Set down every record below exactly as it stands, minus the pictures.

§ Excerpts from a dataset:
# # # # # # #
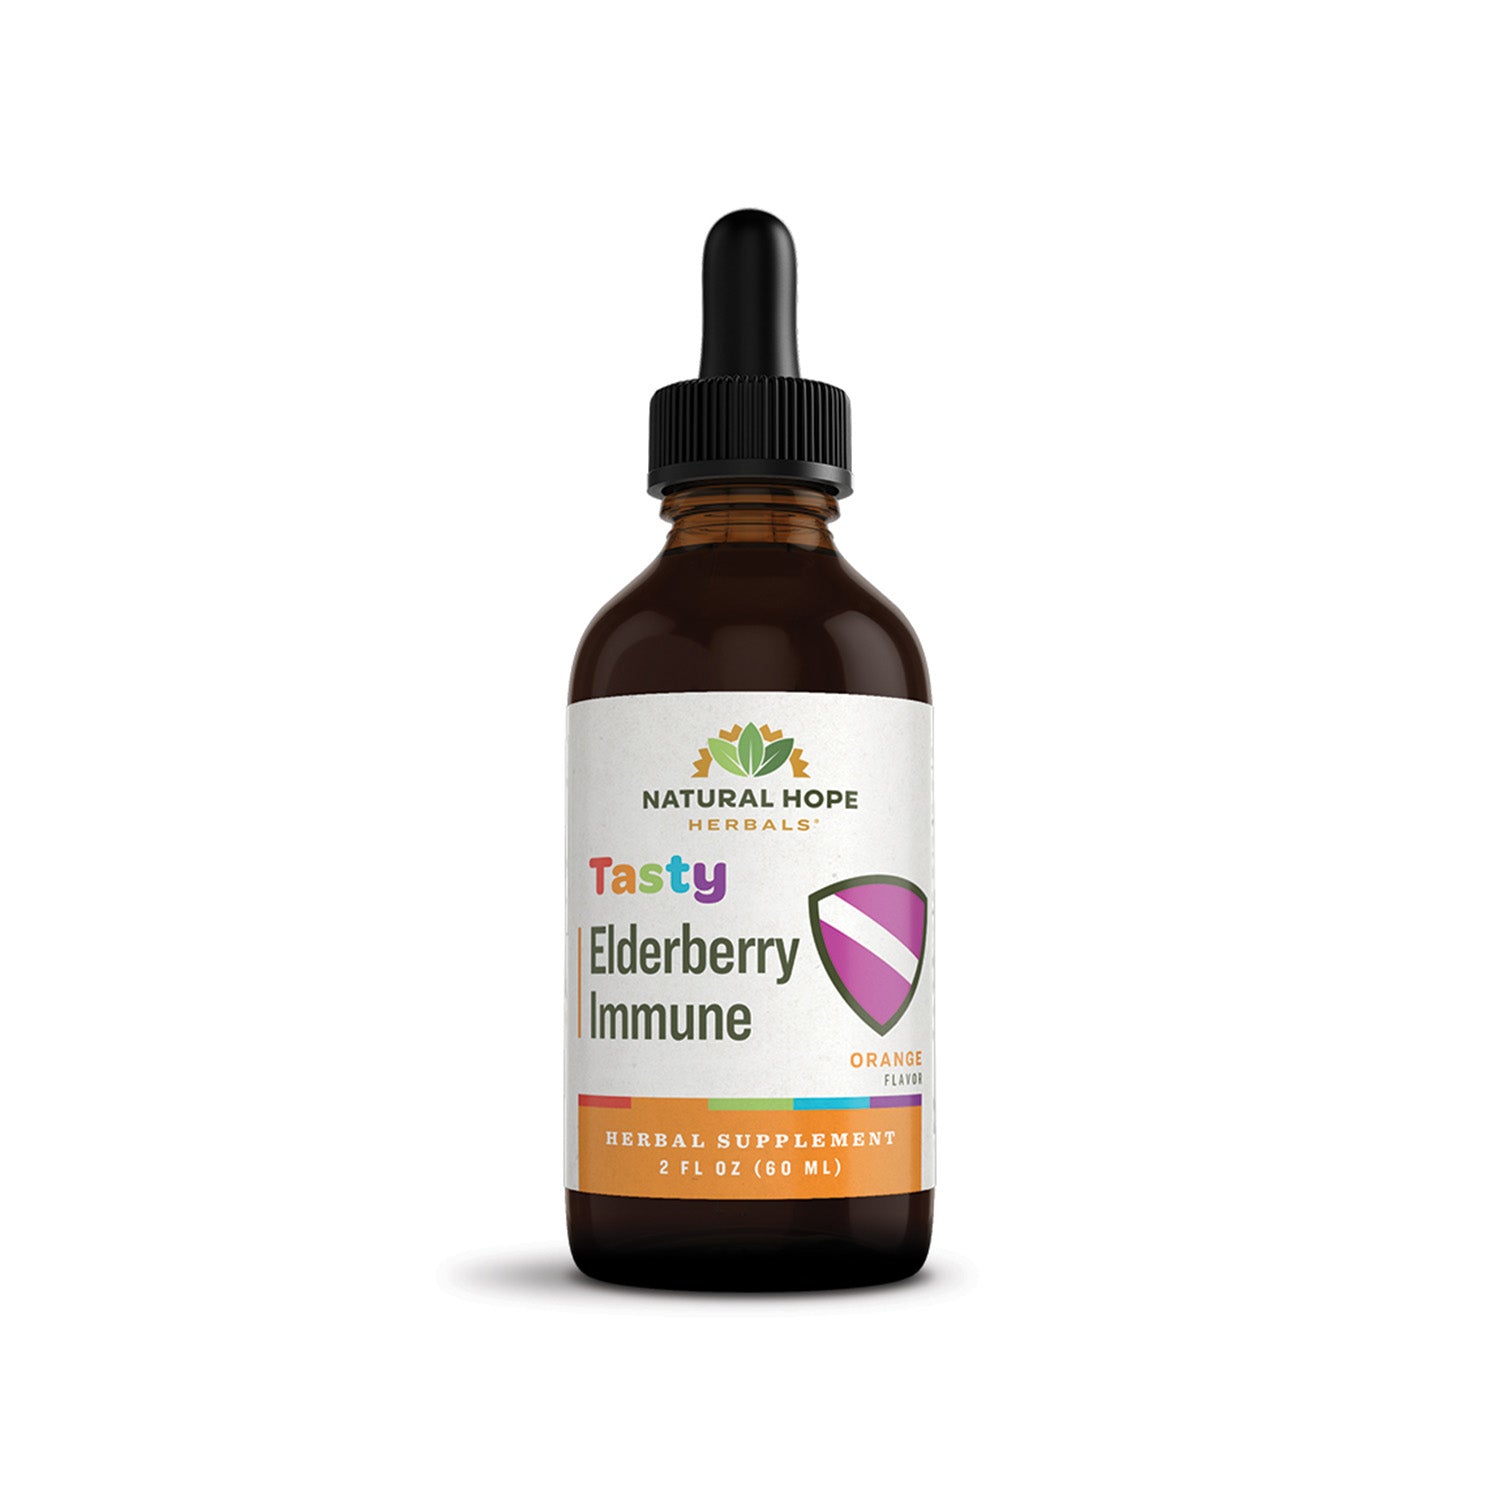 Tasty Elderberry Immune - Natural Hope Herbals
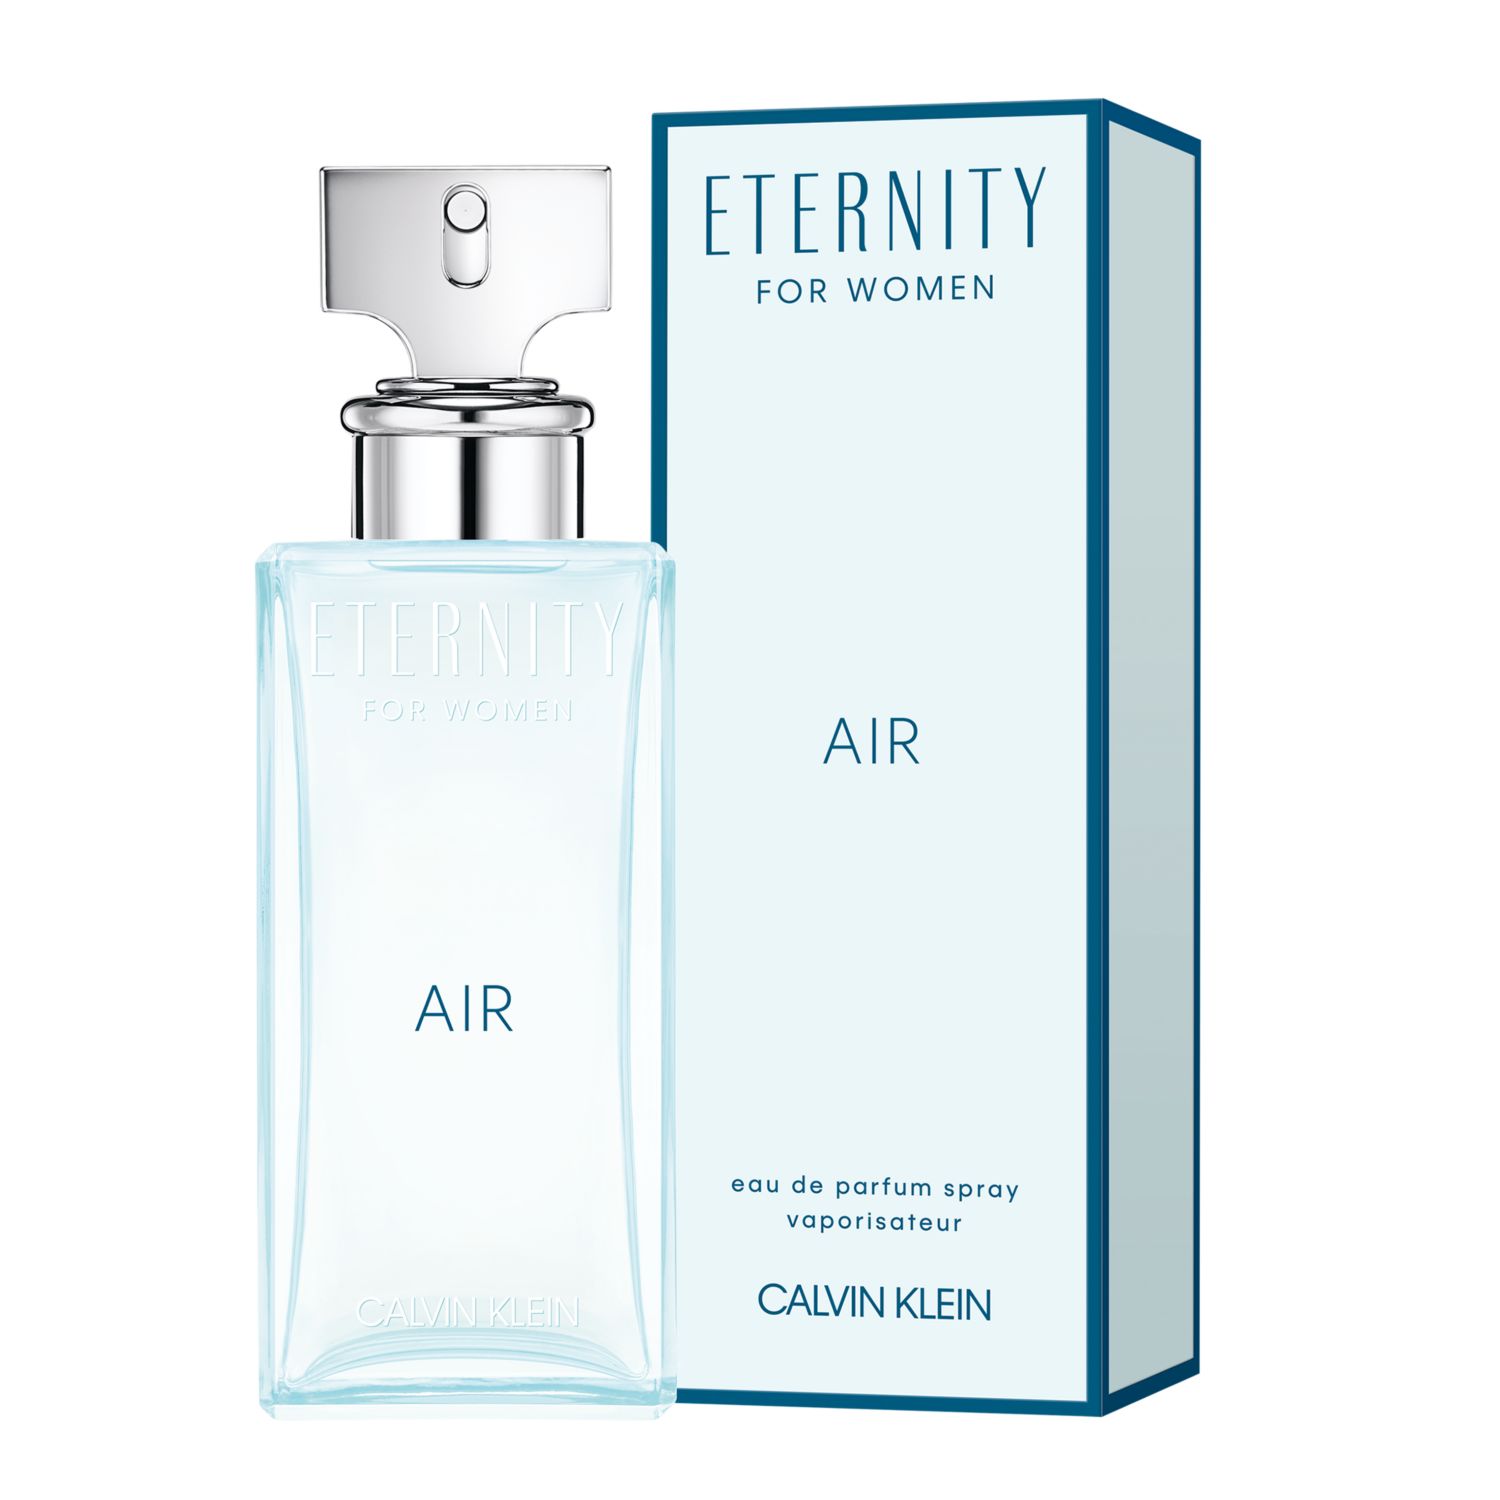 calvin klein eternity fragrance
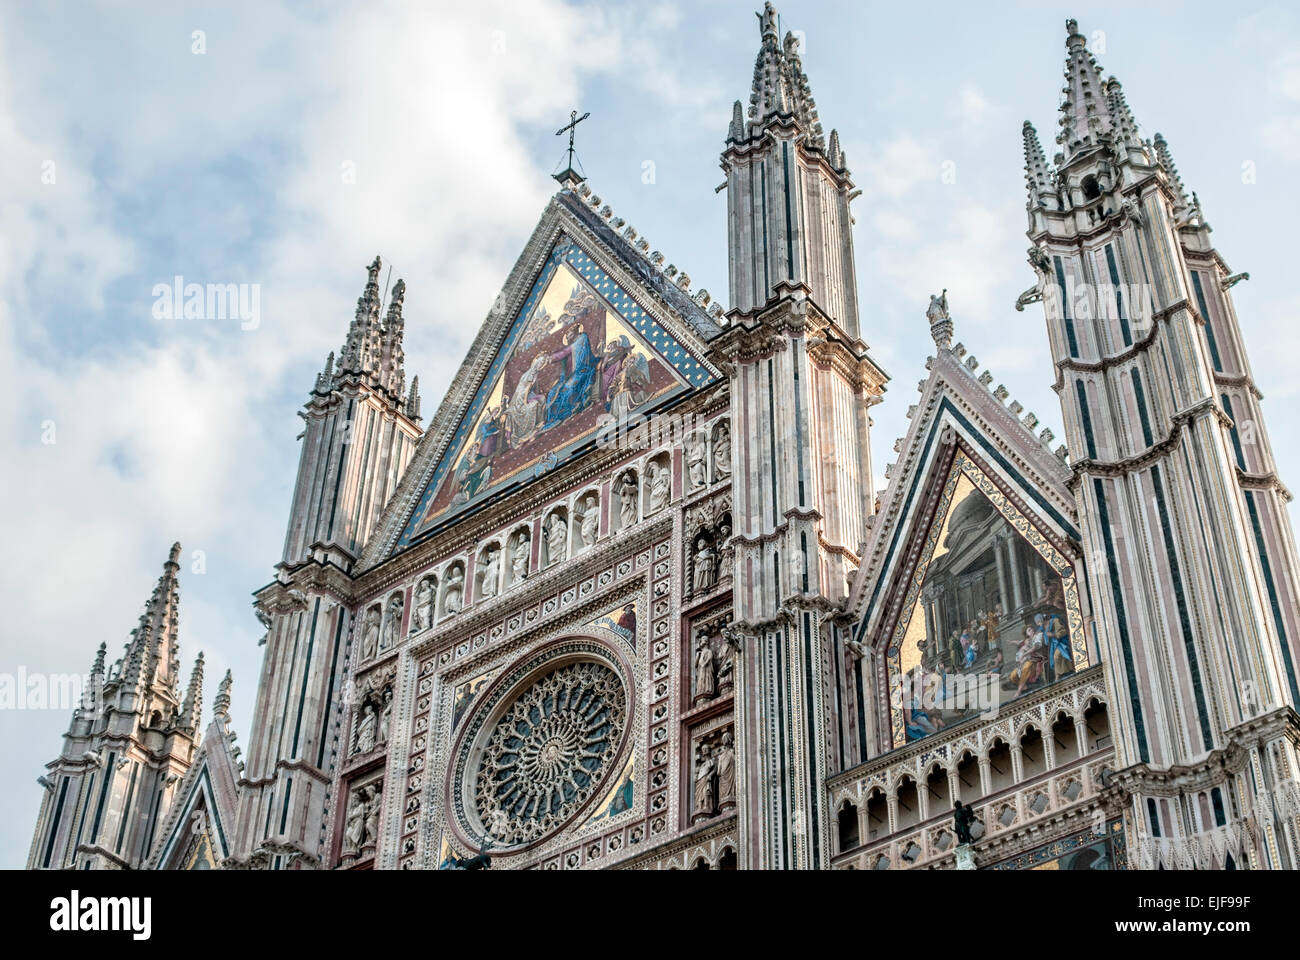 Détail architectural à la Cathédrale d'Orvieto (Duomo di Orvieto) est un grand 14e siècle cathédrale catholique romaine, Italie Banque D'Images
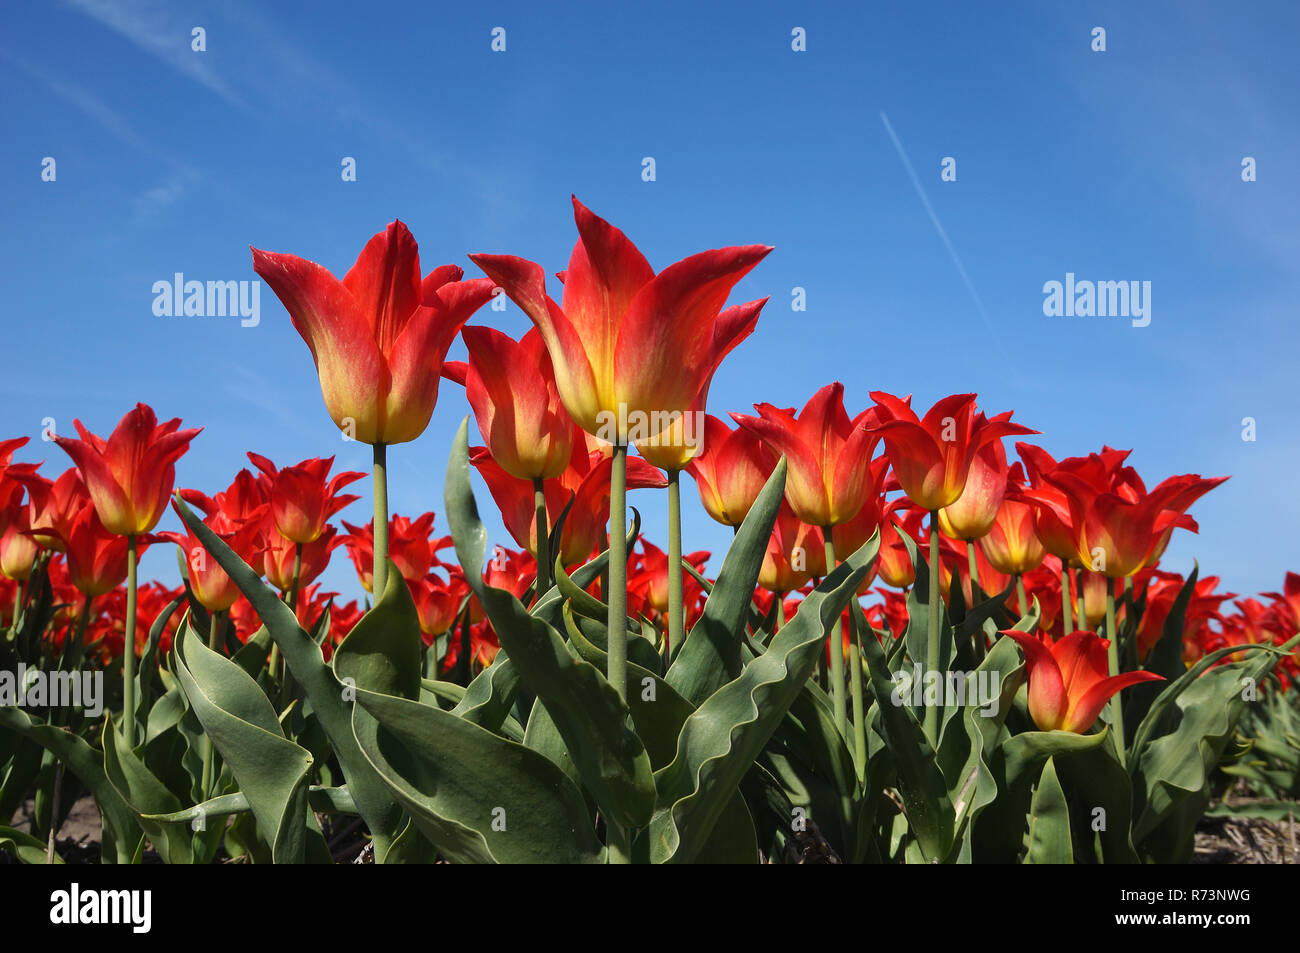 Détail d'un tulipfield rouge en pleine floraison, Noordwijkerhout, Boillenstreek, Pays-Bas Banque D'Images
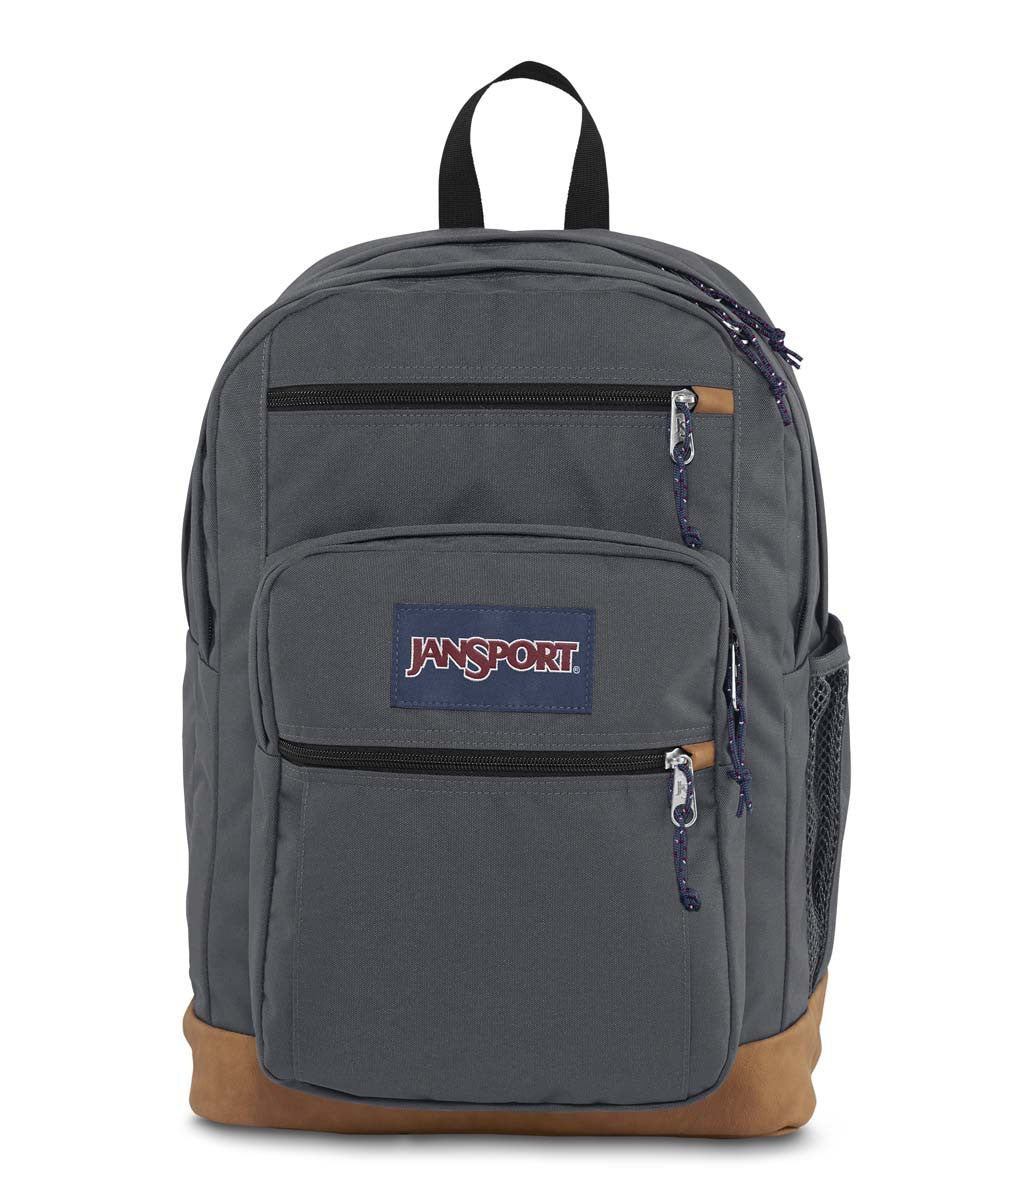 Best Backpacks for College: Jansport, Chrome, Thule, Road Runner
# # # # # # #
§ Task output:
 Tasty Elderberry Immune - Natural Hope Herbals
 calvin klein eternity fragrance
 Détail architectural à la Cathédrale d'Orvieto (Duomo di Orvieto) est un grand 14e siècle cathédrale catholique romaine, Italie Banque D'Images
 Détail d'un tulipfield rouge en pleine floraison, Noordwijkerhout, Boillenstreek, Pays-Bas Banque D'Images
 Best Backpacks for College: Jansport, Chrome, Thule, Road Runner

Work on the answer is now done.